By Brent Moore
Pastor to Adults, First Baptist Church, Clarksville
Focal Passage: Malachi 2:10-17
I am not part of a generation where one can count on another to keep their word. In fact, I do not think the previous generation was much better. I have heard stories about a former age relying on handshakes and a good look in the eye to get business done, but it seems like a long time ago. Today, we use our signature for phones, user agreements, and just about every store transaction. Even with contracts being signed every day, we do not seem like a more faithful people. Our problem is the same as the people of old, we have a heart problem.
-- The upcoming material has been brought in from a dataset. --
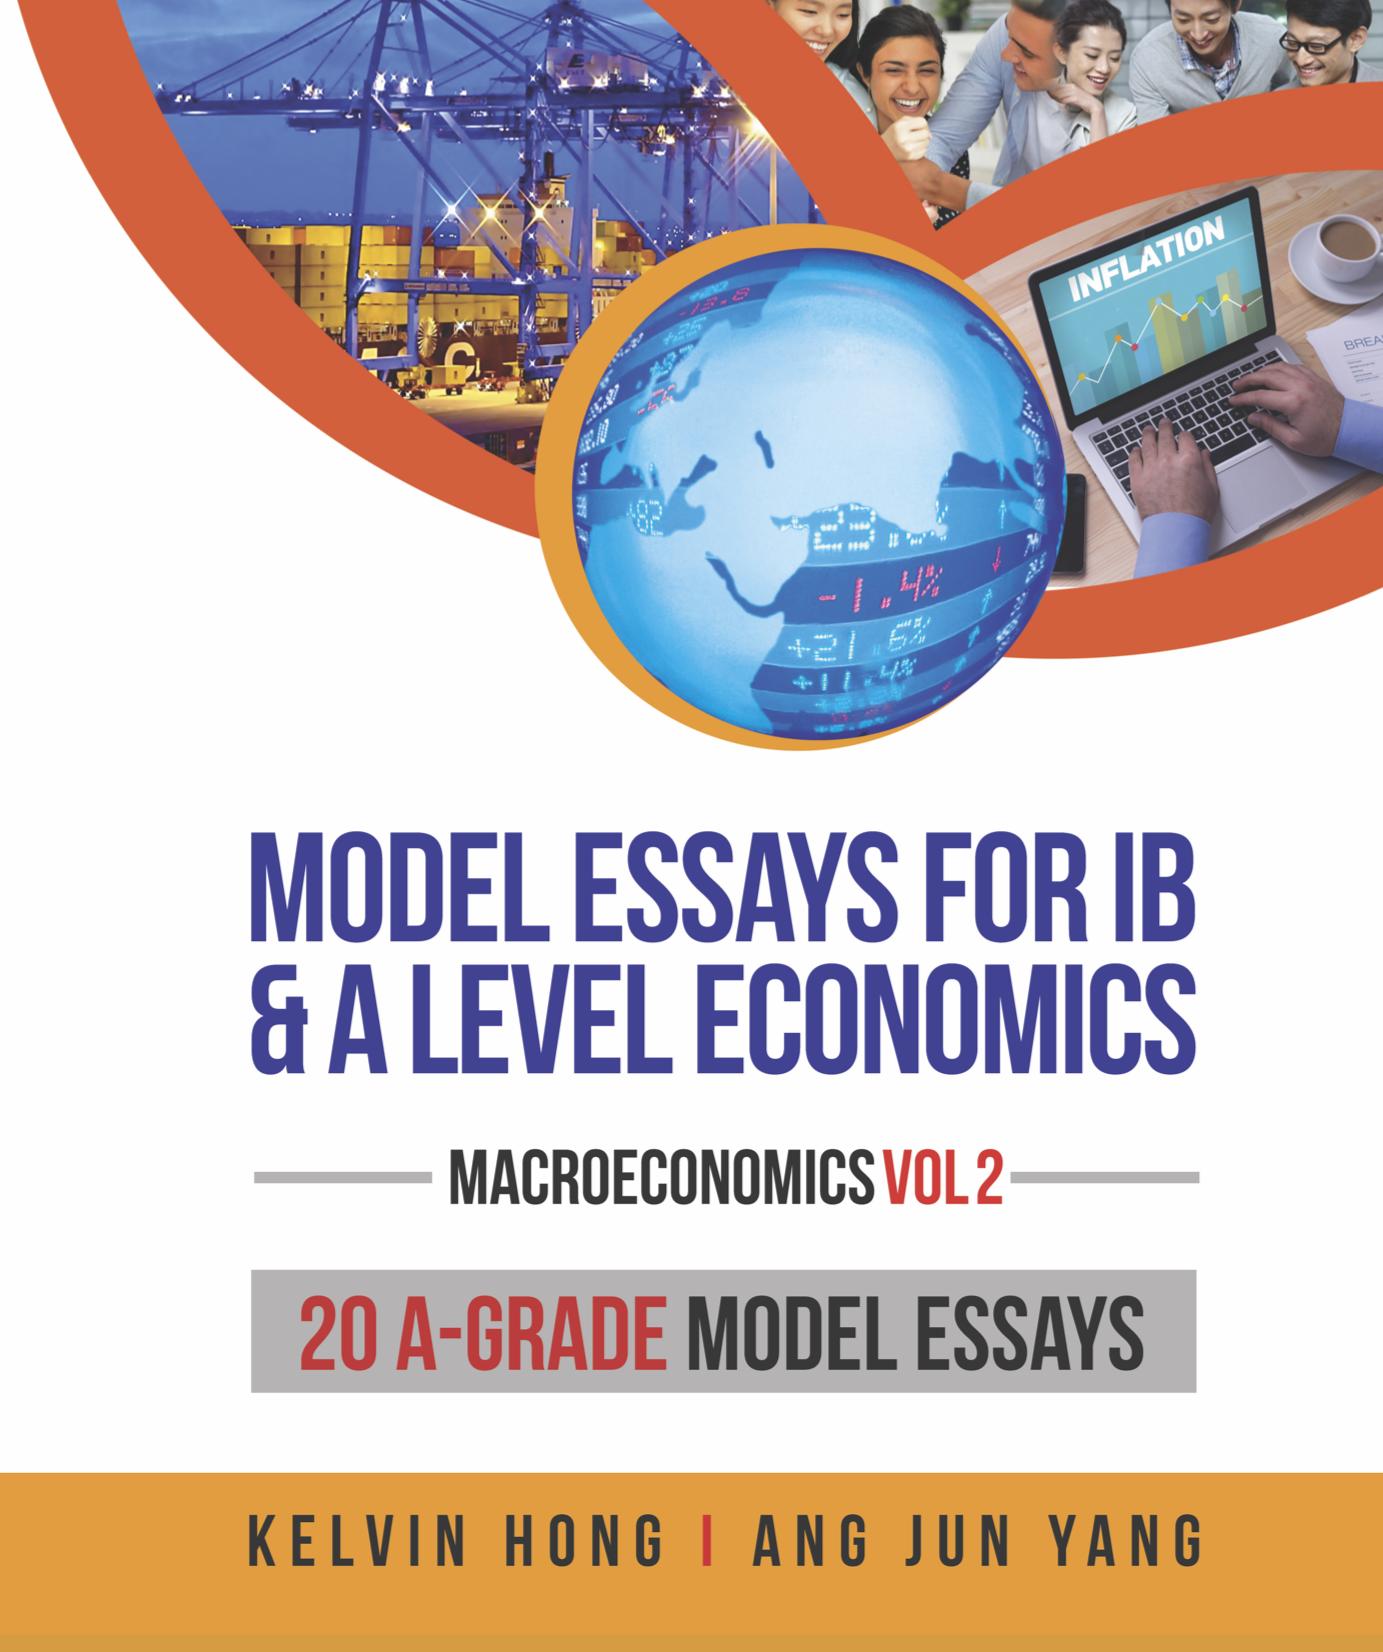 Model Essays Macro 1B Front cover Economics Study Guides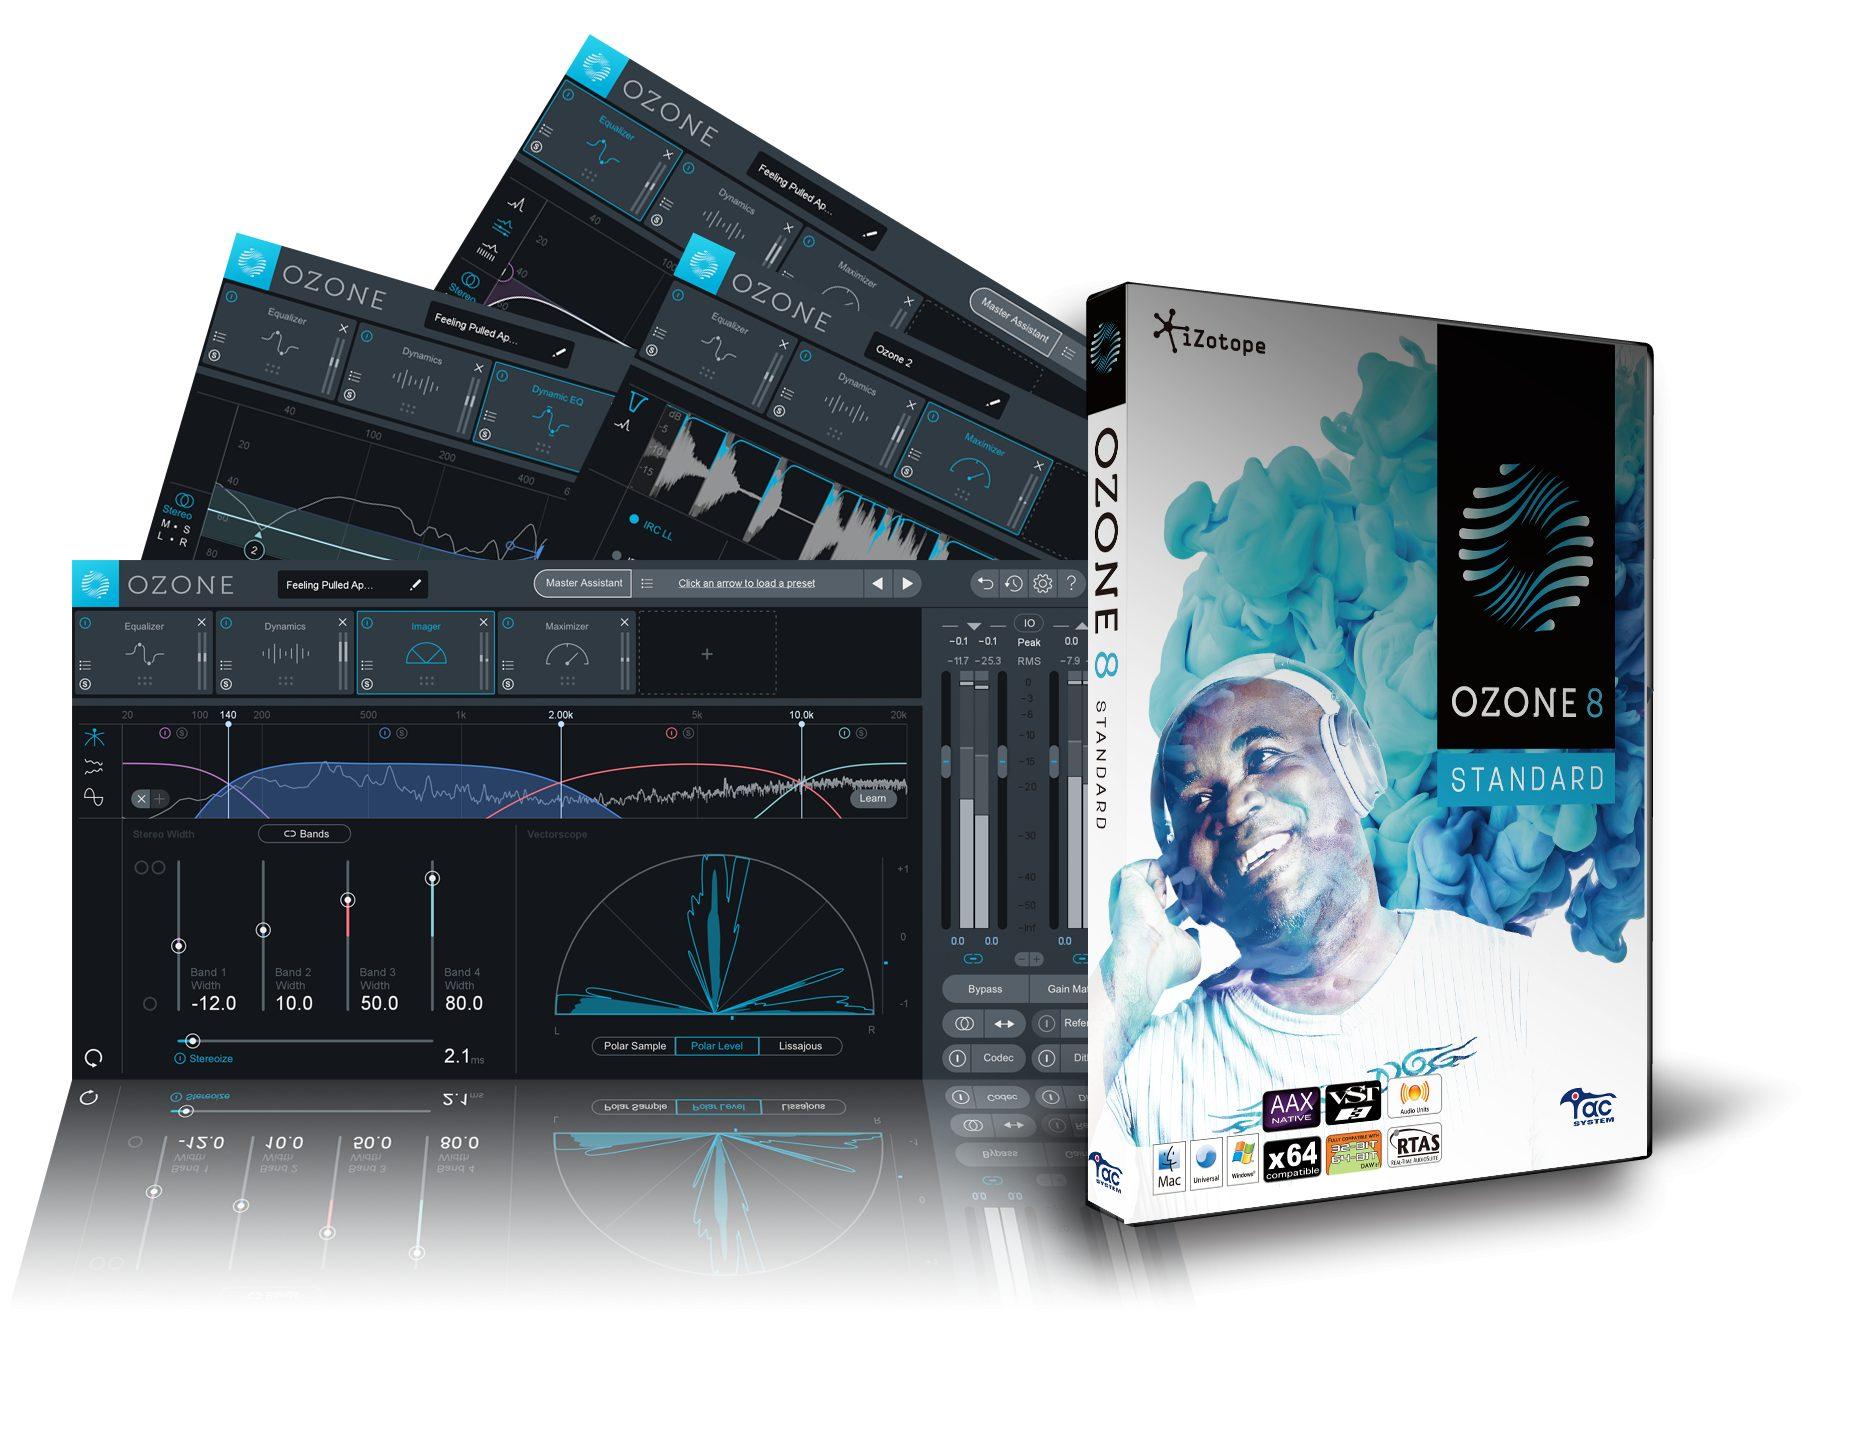 【80%OFF】iZotope Ozone 8 Standardが再びセール中!通常27,300円が5,320円に

Malachi opens this section in chapter two with rhetorical questions. “Don’t all of us have one Father? Didn’t one God create us?” The implication is the people are acting as if they do not. The individuals in Malachi are exhibiting unfaithful actions towards their fellow brothers and sisters. They are “acting treacherously” with one another. Malachi calls it, “profaning the covenant of our fathers.”
Covenants are different than contracts. Contracts are an agreement between two or more parties. Covenants are always before God. Faithful people understand that they live before an audience of One. Jesus reminded people of the importance of their word and faithfulness, “let your word ‘yes’ be ‘yes,’ and your ‘no’ be ‘no’ ” (Matthew 5:37). The context is entanglements in unnecessary oaths. Covenant people are honest, consistent people because there is a God in the universe who is over all and His image is upon everyone.
Covenants mean something because God is witnessing the action. God no longer wants to receive offerings with “weeping and groaning” because the people have been unfaithful to their marriage covenant. Jesus picks up on this covenantal language with, “what God has joined together, man must not separate (Matt 19:6).” Marriage is a spiritual union. Malachi bolsters this concept reminding the people God made them “a remnant of His life-breath.” The purpose is “godly offspring.” God is invested and interested in the marriage covenant because the outcome affects generations. When one flippantly divorces, he or she is “covering their garment with injustice.” In other words, they are hiding something, instead of dealing with the issue.
Knee-jerk reactions of divorce and patterns of unfaithfulness are wearisome to the Lord. God through Malachi is warning the people to “not act treacherously.” He will bring justice in due time and it is not going to look pretty for the unfaithful. We have a responsibility as covenant people to watch ourselves and warn others. We cannot say, “What is evil is good.” We have to ask God, “Search me and try me … see if there be any wicked way” (Psalm 139:23-24). When we find patterns of unfaithfulness in our own hearts we must repent. Then we call others to repent and trust God even when it is not fun and we do not feel like it.
Cultural changes occur from the inside out. Lasting change is not from outside pressure, but from an inside heart change. If our culture needs to change it begins with the household of God. I have sat in too many Christian leadership meetings where I have been lied to. Promised one thing and given another. The remedy is not the launching of grenades. Justice is ultimately going to roll (Amos 5:24). Our job is to exhibit covenant faithfulness in all things. A lost and dying world will see our character, integrity, and ultimately love as something to be desired. Truth, beauty, and goodness are not attractive because Christians invented it. It is appealing because God created us for it, and our hearts are restless until they find their peace in God.
— Moore is pastor to adults at First Baptist Church, Clarksville.